In this context also, Bundanoon's failure to address the consequences of a conclusion that its purported termination of the subcontract was unlawful may be significant. Again, I do not propose to deal with the issue on a basis that Bundanoon did not raise.
It is common ground that 146 blocks have been harvested from bench 4 (that comes from the same source as the figure of 1,009 blocks referred to earlier). On the assumption that those blocks were of first class quality (and in my view an inference should be drawn that they were, for the reasons just discussed), the royalty payable would be $700,800 (146 x 4 x 1200).
[18]
Issue 13: removal of crushed sandstone during the harvesting process
The fundamental dispute is whether Bundanoon is entitled to be paid an excavation rate for crushed sandstone produced as part of the harvesting process, and thereafter removed from site.
Work element 4, set out at [41] above, deals with "Excavation to Nominated RL". In essence, it provides for excavation, relevantly, down to the level where sandstone of harvestable quality was found. In effect, for what Bundanoon called the "Zone of Offer", [36] work element 4 covered excavation down to the level where harvesting of sandstone was to begin. In other parts of the site, where there was no harvestable sandstone, work element 4 covered excavation down to whatever were to be the finished RLs.
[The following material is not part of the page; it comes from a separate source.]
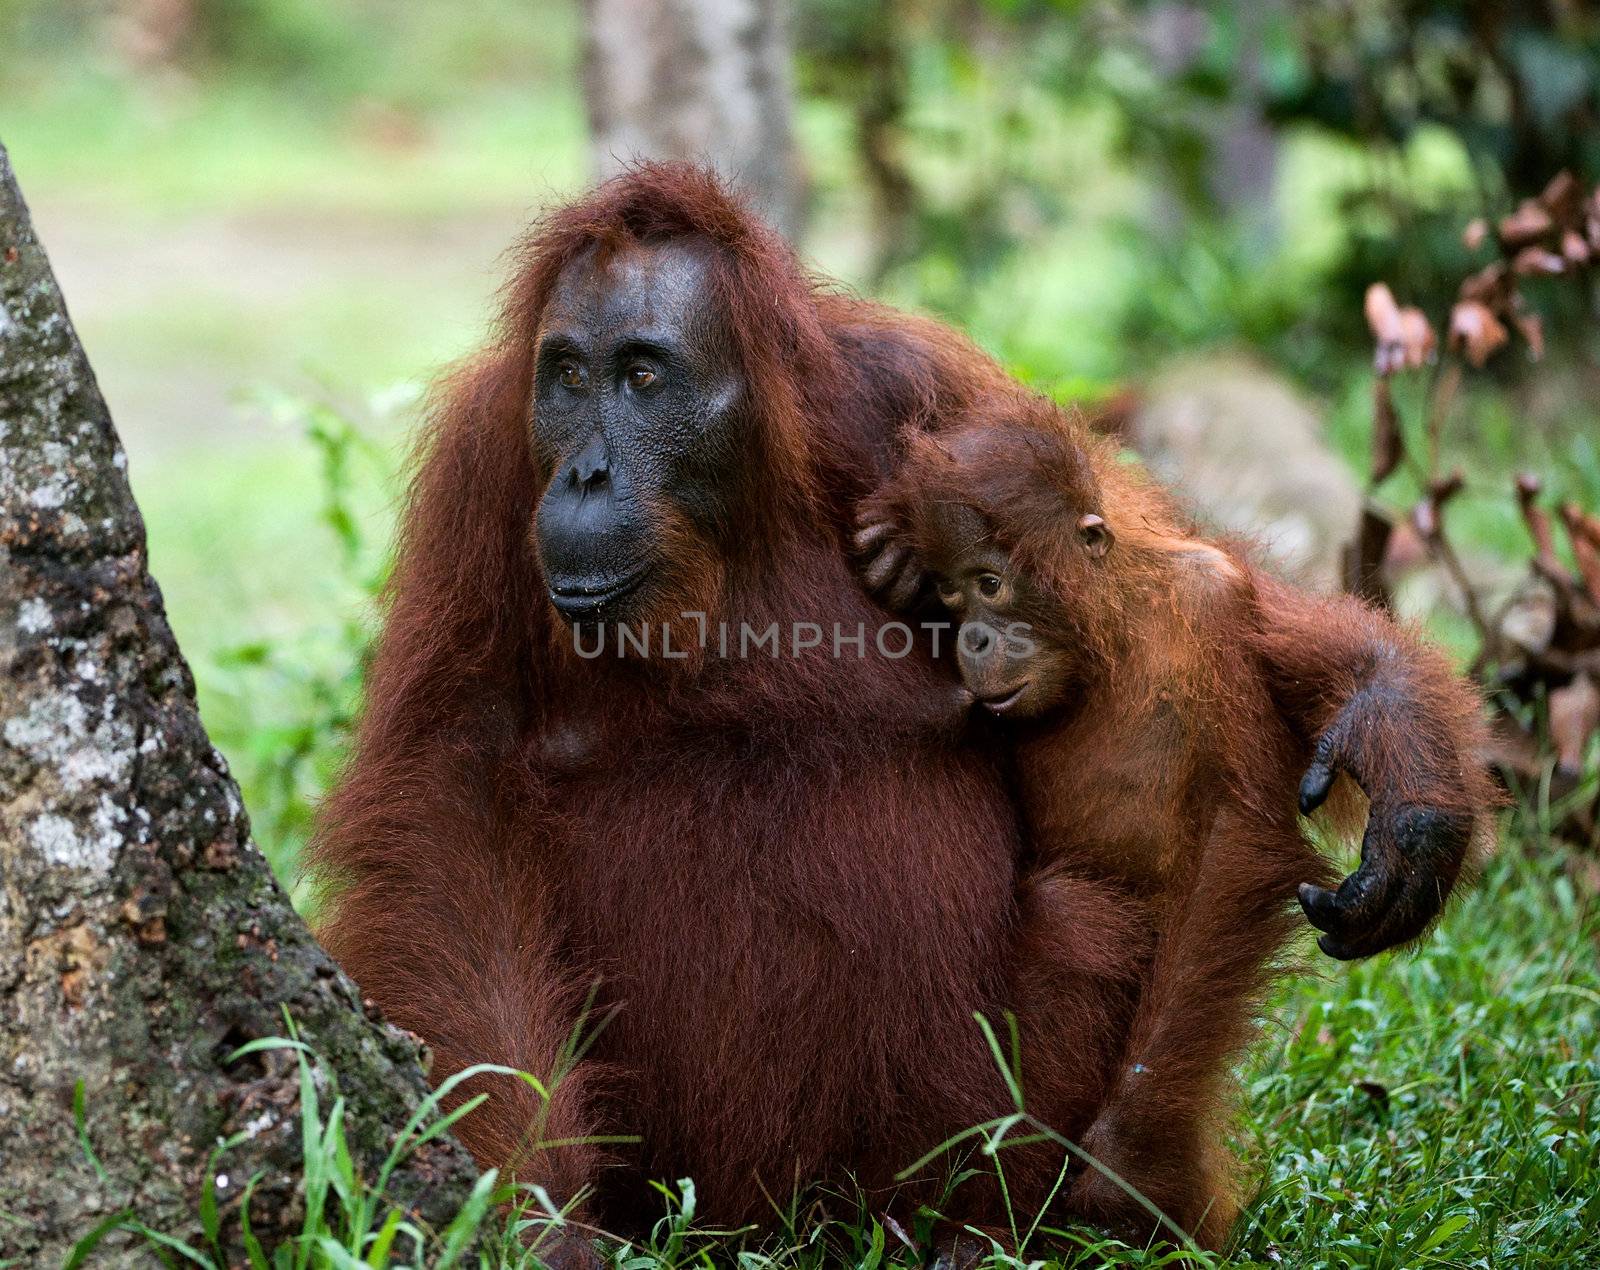 The orangutan Mum with a cub by SURZ

Within the Zone of Offer, once the nominated RL has been reached (that is to say, once bulk excavation has exposed the harvestable sandstone), work element 5 effectively takes over. I accept that, to the extent that bulk excavation has not been completed outside the Zone of Offer, the remaining bulk excavation works are to be undertaken concurrently with the harvesting of sandstone. That is made clear by para (c) of work element 5, set out at [42] above. Of necessity, however, bulk excavation within the Zone of Offer must be complete before harvesting of sandstone can commence.
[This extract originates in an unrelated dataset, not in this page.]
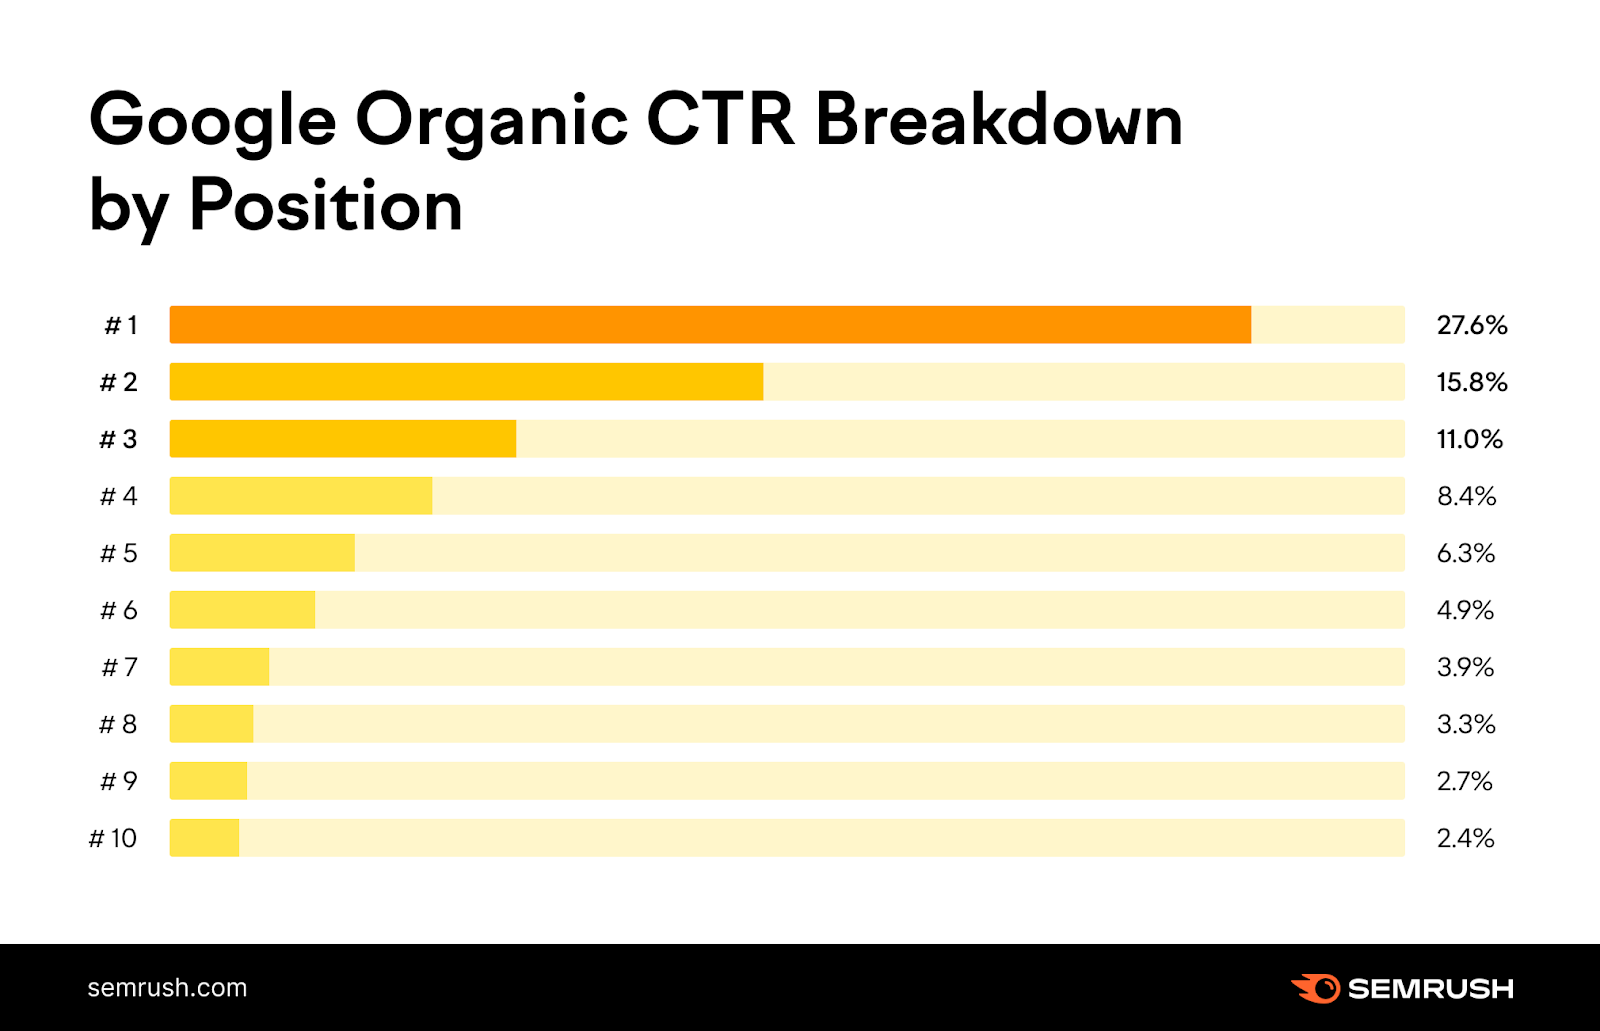 Google organic CTR breakdown by position

For work that falls within work element 4 (bulk excavation in the Zone of Offer necessary to expose the harvestable sandstone, and bulk excavation elsewhere to the nominated RLs), Bundanoon is to be remunerated at the rates set out in para (o) of work element 4. However, for work that falls within work element 5, the cost of harvesting is to be funded from the proceeds of sale. That appears from para (f) of work element 5.
Against that background, the essential question is whether crushed sandstone (or for that matter, other spoil) produced during the harvesting process is to be removed at Cenric's cost or at Bundanoon's cost, in the latter event to be funded out of the proceeds of sale of the harvested sandstone. When the work elements are considered together and the interrelationship between them is appreciated, it is apparent that the rates set out in para (o) of work element 4 apply only to excavation work that is the subject of that work element. That is because the cost of removing crushed sandstone that is produced as a result of the harvesting process is, as a matter of language, a cost of harvesting the sandstone.
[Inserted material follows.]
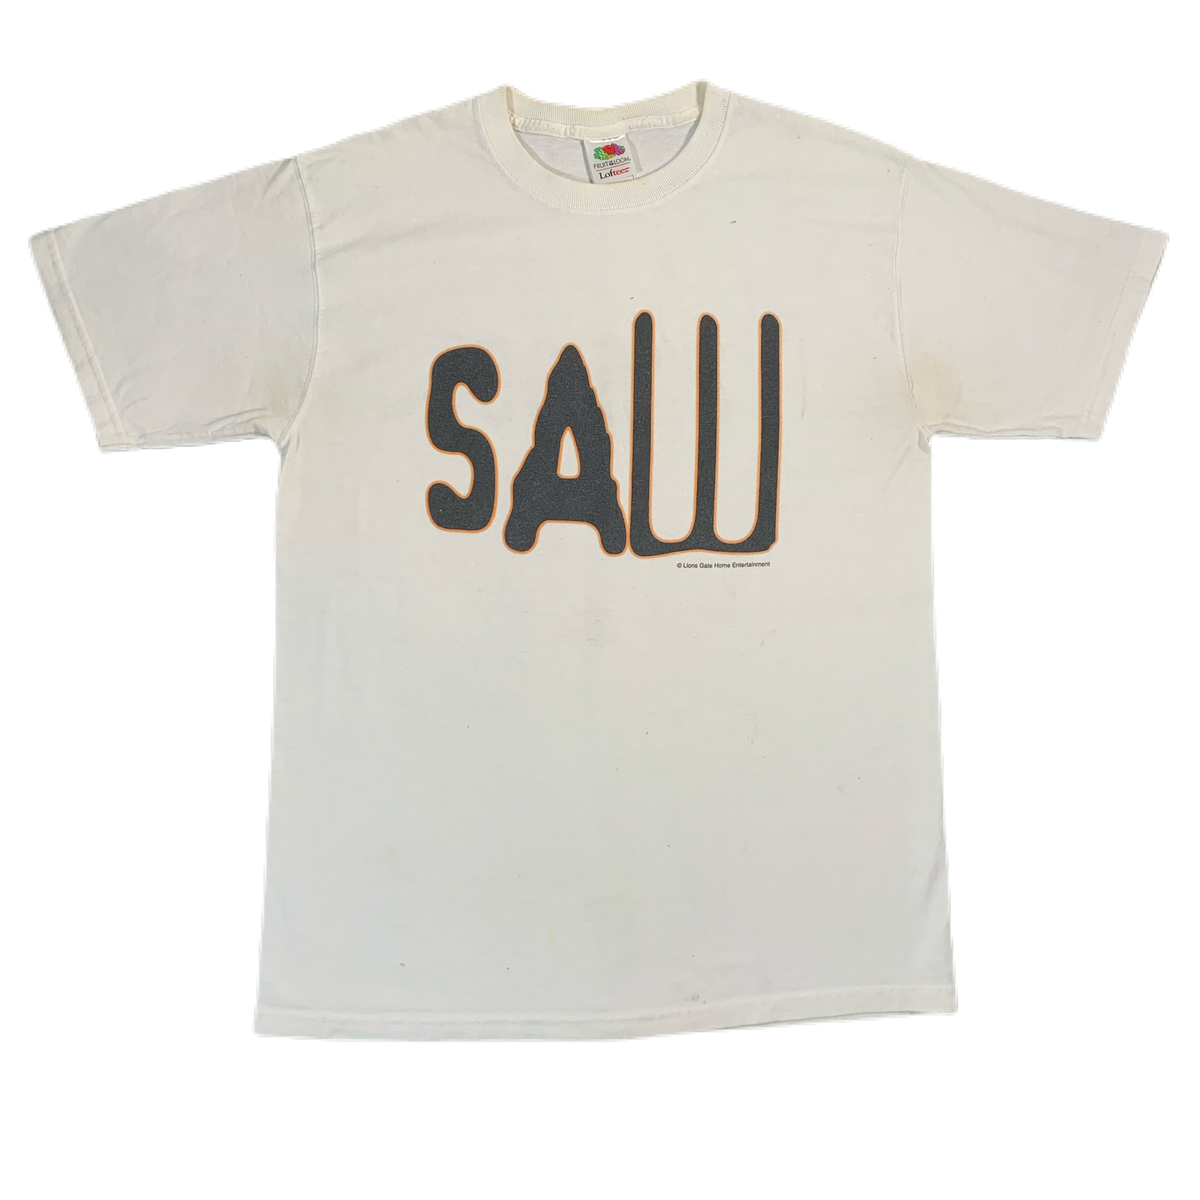 Vintage SAW “2.15.05” T-Shirt - jointcustodydc

That conclusion seems to me to follow simply from the plain language and structure of the subcontract. In my view, it is not necessary to have regard to extrinsic materials to support the conclusion.
Against the suggestion that the construction that I have advanced is in some way "uncommercial", or "commercially absurd", I shall refer to one piece of extrinsic evidence. Bundanoon's letter of offer of 12 October 2017 stated that:
… [T]he excavation stage and the sandstone harvesting stage are completely separate stages, utilising different processes and machinery. The excavation stage is undertaken on a contractual cost per cubic metre rate whereas the sandstone harvesting stage consists of a royalty agreement.
Clearly, as at 12 October 2017 (3 weeks before the subcontract was signed), Bundanoon did not think that it was commercially absurd to restrict the per m³ rates specified in para (o) of work element 4 to bulk excavation only, and not to extend them to removing the byproducts of sandstone harvesting.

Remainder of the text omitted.